A neural network is built from a few key components, organized into a specific architecture.
  1. Neurons (Nodes): The most basic unit. Each neuron receives input signals, performs a small calculation, and then passes an output signal to other neurons.
  2. Layers: Neurons are organized into layers.
    • Input Layer: The first layer that receives the raw data (e.g., the pixels of an image).
    • Hidden Layers: The layers in the middle where all the complex computation happens. A network can have one or many hidden layers.
    • Output Layer: The final layer that produces the result (e.g., the label “cat” or “dog”).
  3. Weights & Biases: Each connection between neurons has a weight. This number represents the strength or importance of that connection. The network “learns” by adjusting these weights. A bias is an extra value added to a neuron that helps shift its output, making the model more flexible.
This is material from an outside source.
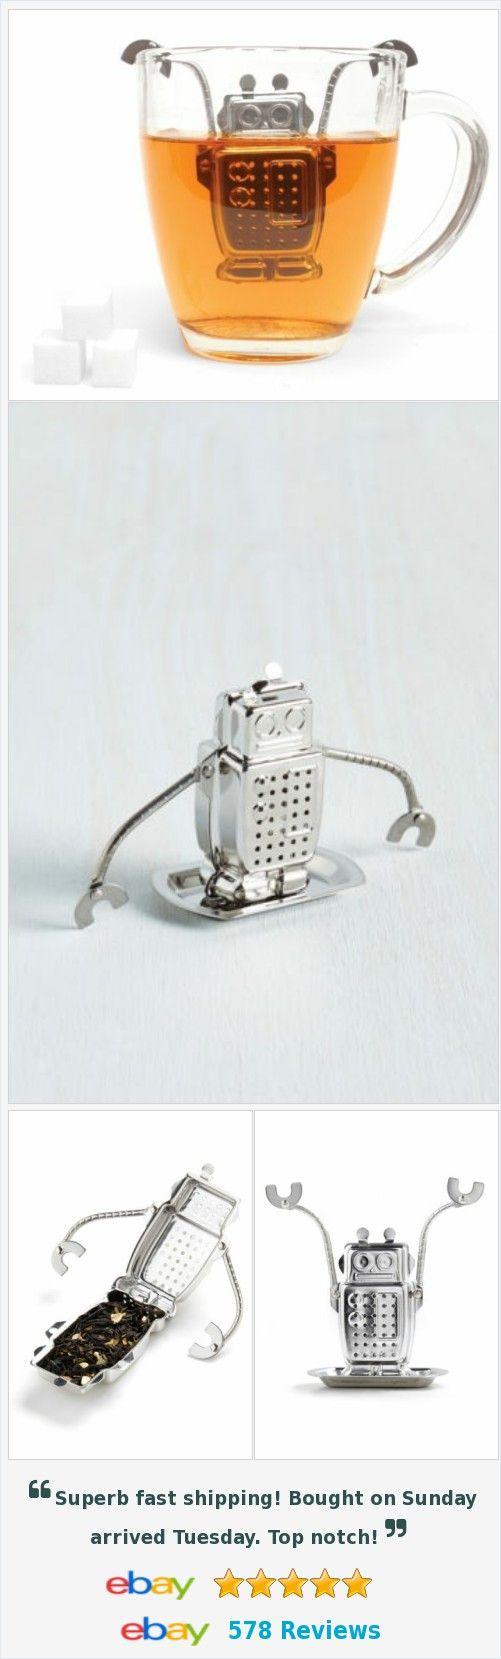 Robot Stainless Steel Tea Infuser Tea Brewer Novelty Gifts Creative Design http://www.ebay.com/itm/Robot-Stainless-Steel-Tea-Infuser-Tea-Brewer-Novelty-Gifts-Creative-Design-/172243942579?

How They “Learn”: An Introduction to Training

When a neural network is first created, all its weights and biases are set to random values. It knows nothing. The process of teaching it is called training. The core idea is simple:
  1. Show the network an example from the data (e.g., a picture of a cat).
  2. Let it make a guess (e.g., it might guess “dog”).
  3. Measure how wrong its guess was (this is called the loss or error).
  4. Slightly adjust all the weights and biases in the network to make it a little less wrong next time.
This adjustment process is done using two key mathematical techniques:
  • Gradient Descent: An algorithm that finds the best way to adjust the weights to minimize the error.
  • Backpropagation: The method used to efficiently calculate the error contribution of each individual weight, even in very deep networks.
We will explore these concepts in much more detail in the upcoming modules. For now, the key takeaway is that a neural network learns by repeatedly guessing, checking its error, and making small corrections.